Bats had to stay a while at Dayton Lane Gardens in Hamilton

Credit: Submitted photo

Credit: Submitted photo

Not only bedbugs, roaches and mold have been recent problems at the Dayton Lane Gardens, but also bats, resident Kevon Armstrong said this week.

“They were on the elevators with us, they were in the hallways, and there’s a woman who is in a wheelchair, and she was riding down the hallway, and didn’t even know there was a bat on her wheelchair,” Armstrong said. “We shouldn’t have been forced to have to dispose of them, because we weren’t allowed to kill them, so we had to try to catch them, to get them outside of the building.”

Ben Jones, executive director of the Butler Metropolitan Housing Authority, said it took a while to get rid of the bats from the complex at 122 N. 6th St. because they are protected by law.

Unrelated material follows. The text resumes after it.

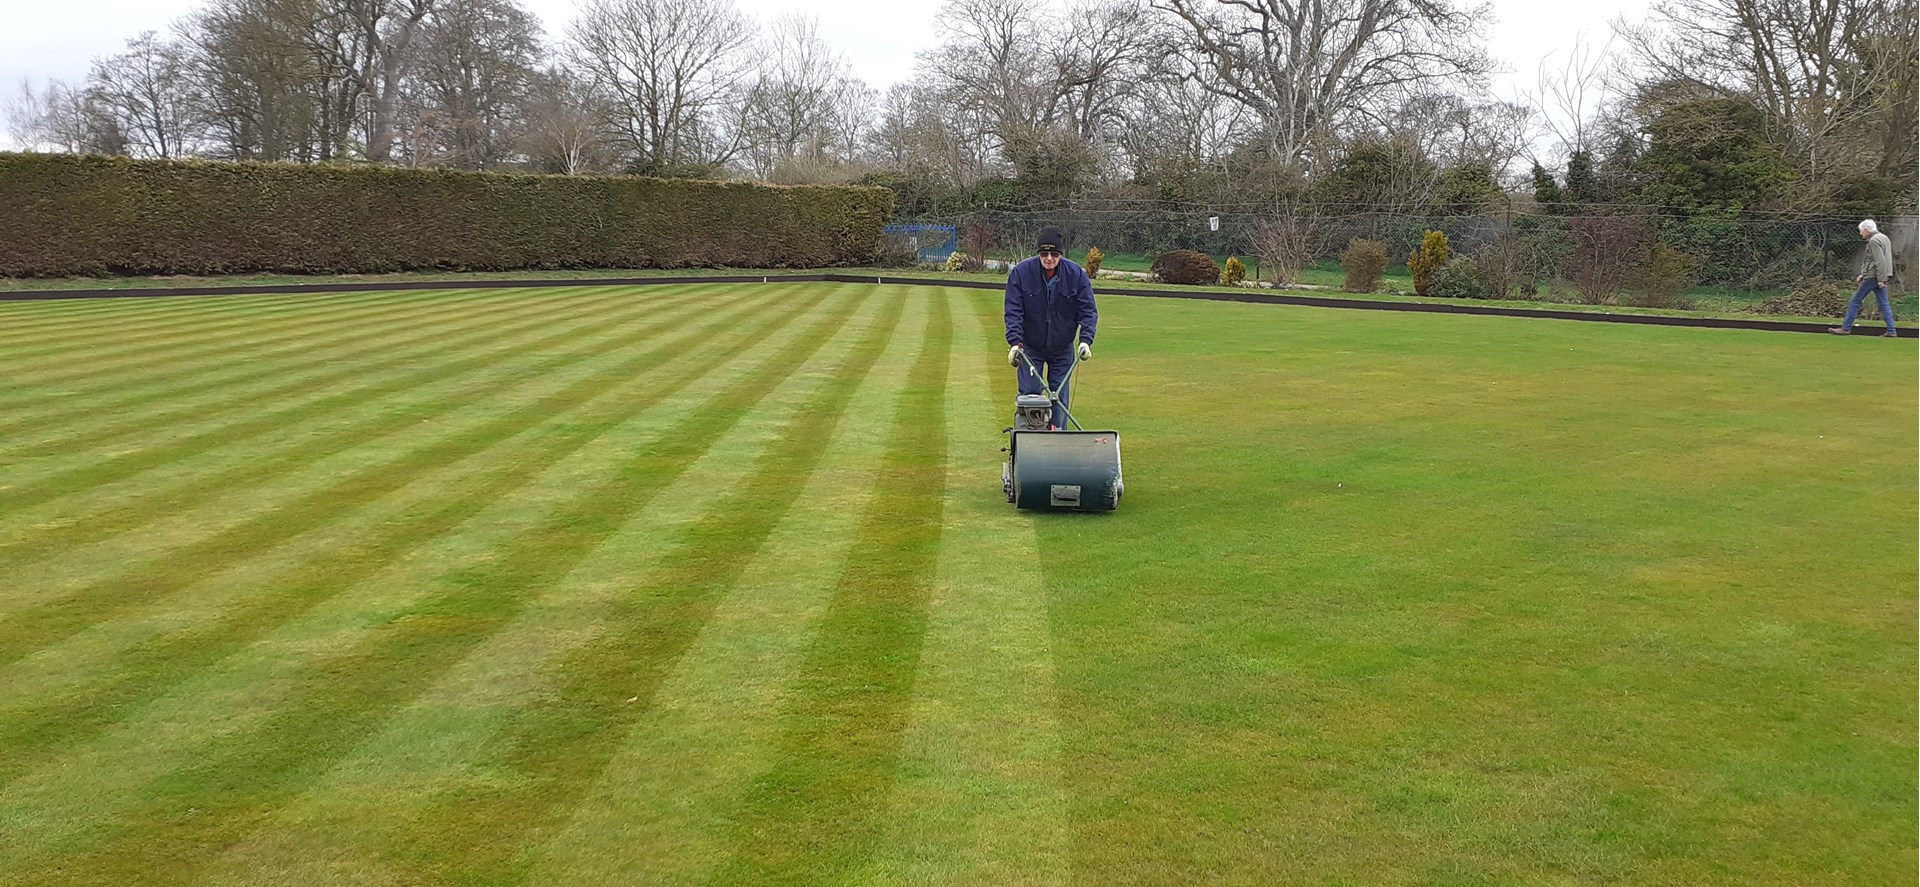 March 20th, 2023 - first cut of the year with the repaired mower!  Thanks for the photo, Bern.

“It took a little bit of searching, but we found and worked with a certified bat-remediation expert to take them out and remediate the problem,” Jones said. “When the person came out — and we were told this by multiple sources — they said that protected species and we had to wait until the babies matured and could leave the building.”

“As soon as that date passed, they were out there, they closed up all the places where they can get into the building save for one or two, and they put one-way valves on those,” so the creatures could leave but not re-enter, Jones said.

“When we called maintenance said it was not their job to dispose of them,” Armstrong said.